Century-Old Investment Manager Opens Door to RIAs for the First Time

“This is not your typical evolution,” said Matt Glaser, head of Manager Research at Wilmington Trust.

Tony Roth, CIO of Wilmington Trust Investment Advisors. (Christopher Goodney/Bloomberg)

Tony Roth, CIO of Wilmington Trust Investment Advisors.

(Christopher Goodney/Bloomberg)

New funds and strategies launch all the time. But it’s not often that a longstanding money manager decides to offer its in-house ones to everybody. That happened last week.

For the first time in its 116-year history, Wilmington Trust is opening up its proprietary funds and strategies to outside retail investors and institutions.

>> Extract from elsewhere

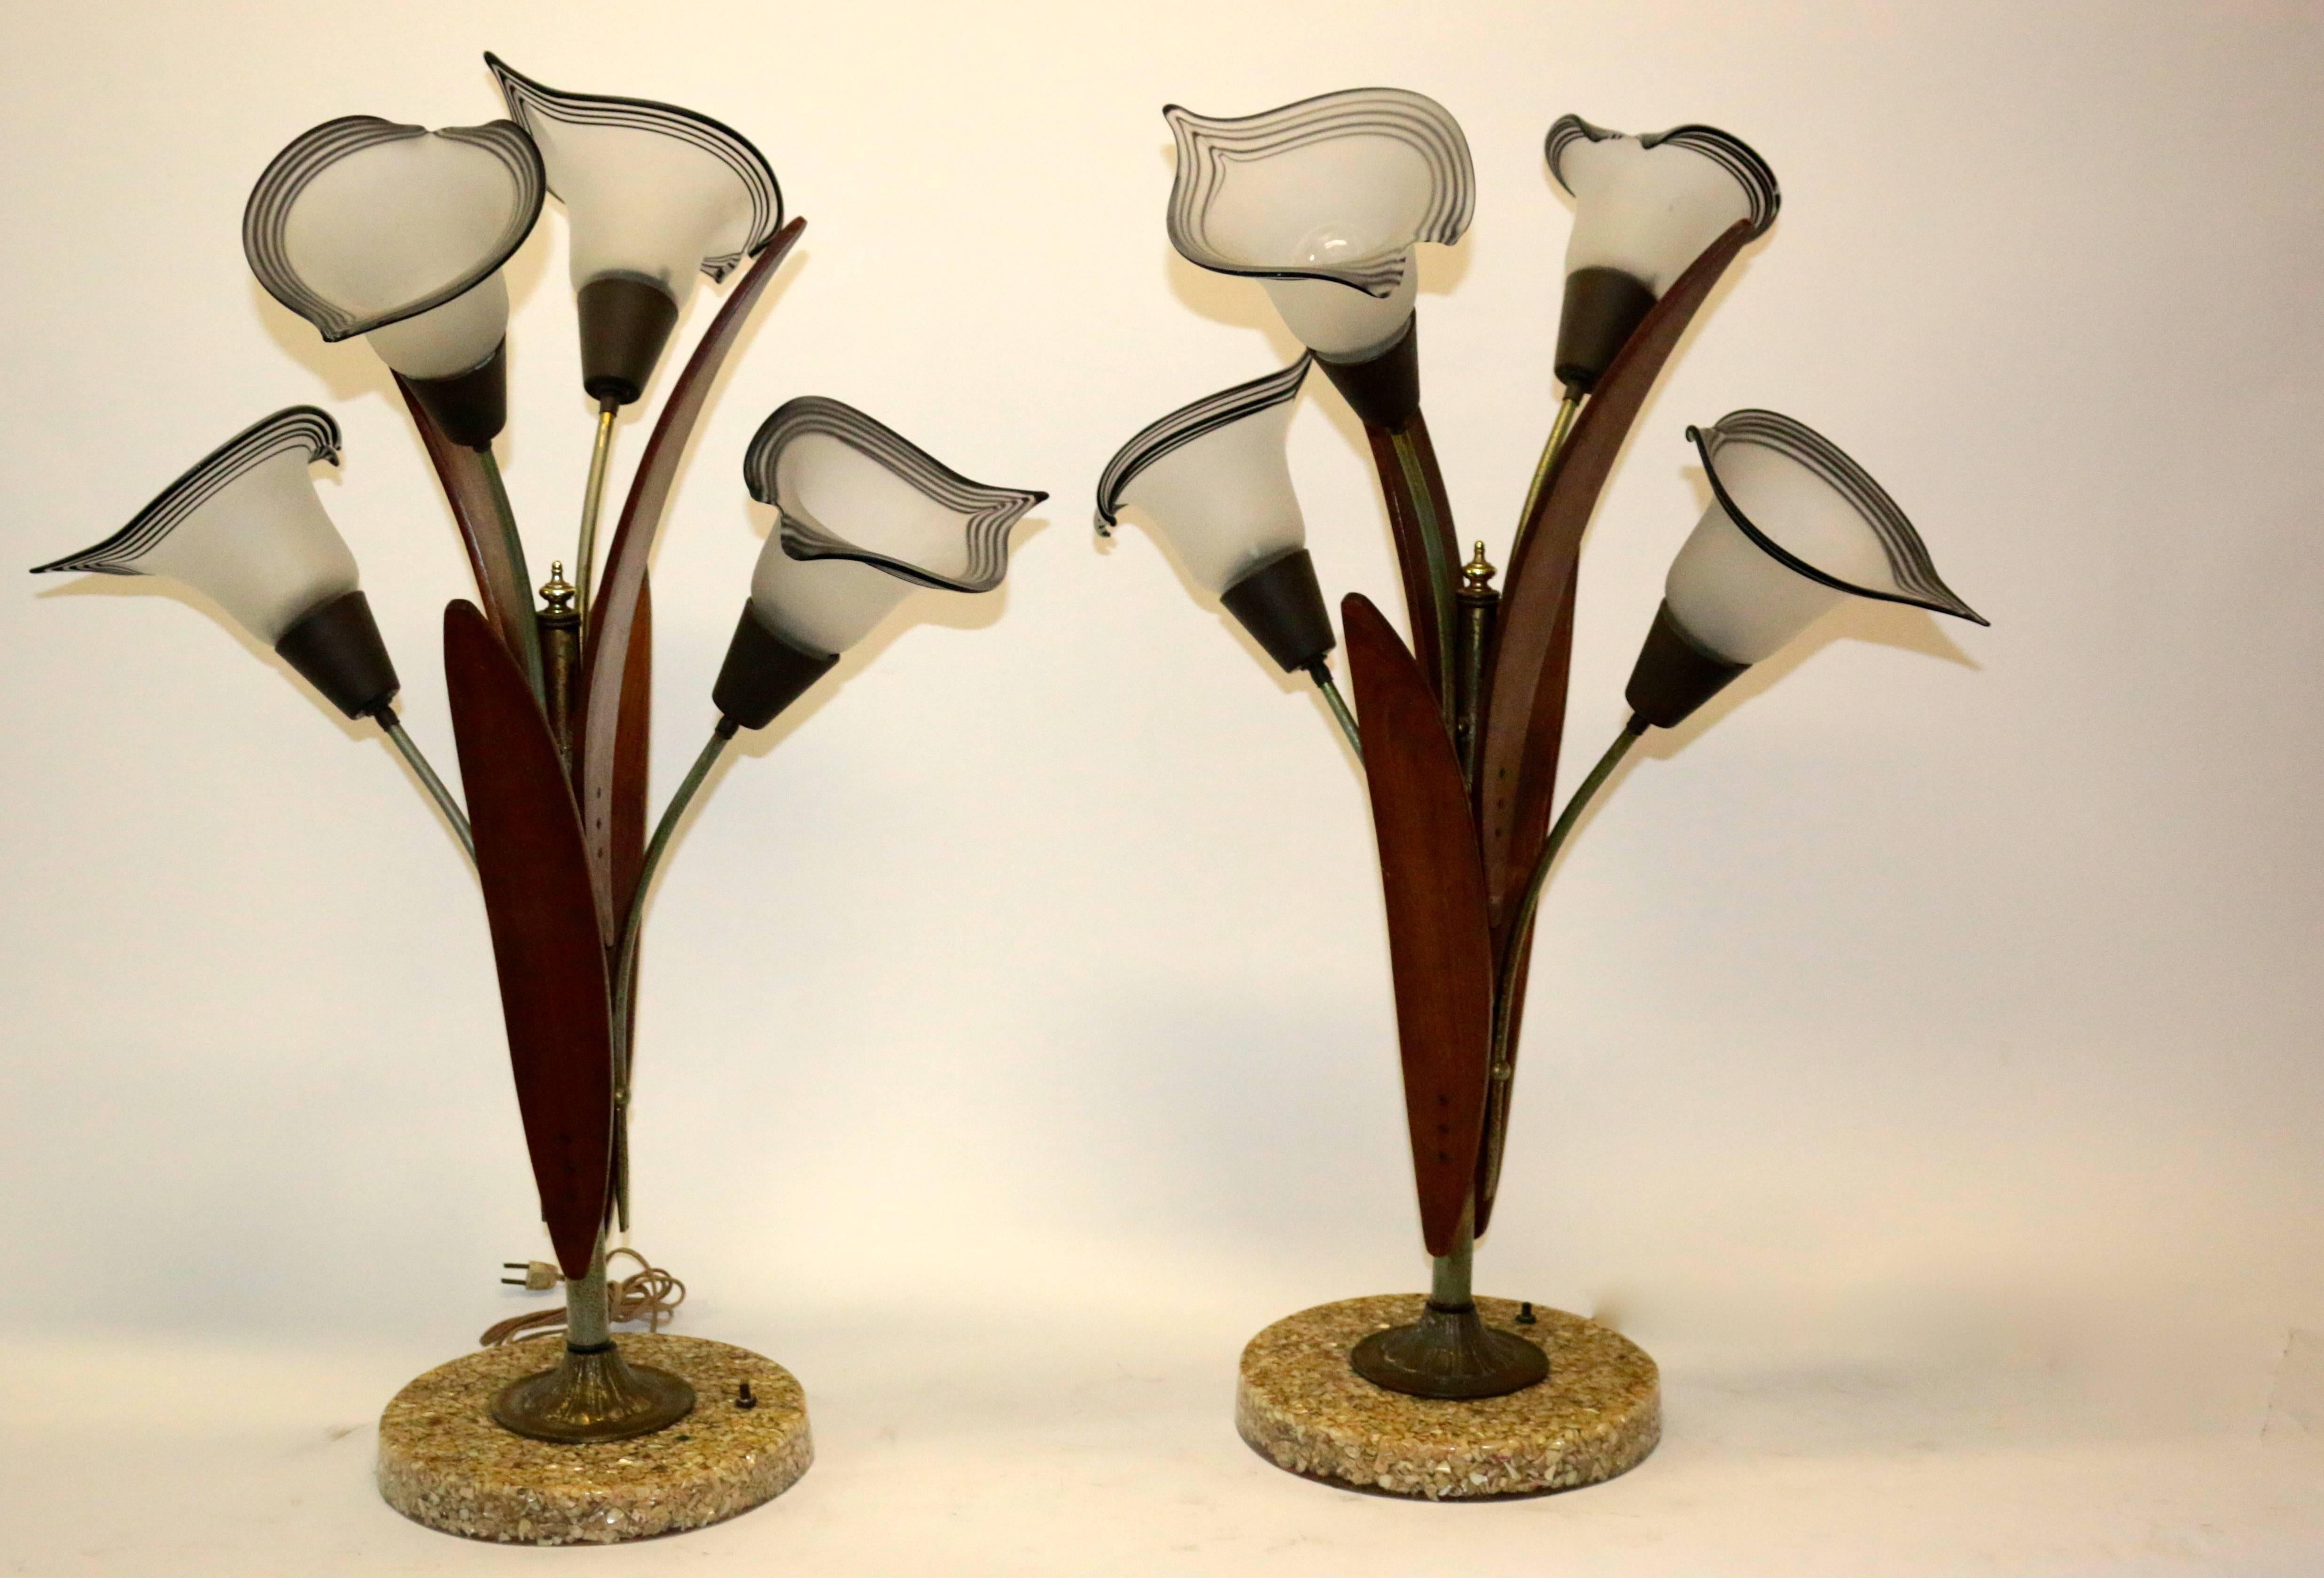 Pair of Mid-Century Teak Wood Table Lamps with Glass Shades 1

The company, a wholly-owned subsidiary of M&T Bank that manages over $97 billion, will begin offering them under a new brand, Wilmington Investment Management.

“This is not your typical evolution,” Matt Glaser, the head of Equity and Alternative Investments and Manager Research at Wilmington Trust, told RIA Intel.

The timing was right to open its doors and grow assets under management (and fee revenue). “Now we’re offering some of the things that we think are commercially viable to the outside world,” Glaser said.

As fear of a recession heightens, Wilmington also thinks that private and institutional investors, and the advisors and consultants who help them allocate their money, will be drawn to its economics-led investment approach. The company is already in talks with some, Glaser said.

An inaugural Wilmington Investment Management survey of 500 investors reinforced what studies have repeatedly shown: Investors hate to lose money more than they like to watch it grow. More than half (61%) said they would surrender growth for downside protection. The percentage willing to make that trade-off was even higher for households with annual income totaling more than $500,000 per year (76%).

As both an investor and allocator for its own clients, Glaser said that Wilmington Investment Management should resonate with advisors who chose to be RIAs and fiduciaries to their clients.

But, unlike some other asset managers, Wilmington’s size is an advantage, he said.

“We’re big enough to matter in the sense that we’re an institutional firm, which gives us access to world-class managers and opportunities. But we’re not so big that we’re competing against wirehouses or the mega firms. We’re able to bring to our clients sometimes more esoteric, interesting opportunities.”

The bulk of the firm’s investments are made through “hundreds” of third-party managers selected by Wilmington, giving it a broad purview of the world, Glaser said. The company employs 96 economists, portfolio managers, analysts and others.

To start, Wilmington Investment Management is opening up 20 equity, fixed income, multi-asset, and alternative funds, and will offer separately managed accounts.

“We’re in a different economic environment than just a few years ago. We’re seeing now that the upside on many investments is limited and the yield environment is challenged,” said Tony Roth, Chief Investment Officer.

“As a result, we know investors need differentiated strategies that are risk-adjusted and fee sensitive in order to meet their specific needs. Our deeper understanding of global opportunities means we can offer a wider range of investors solutions and access to institutional-quality separate account managers around the world.”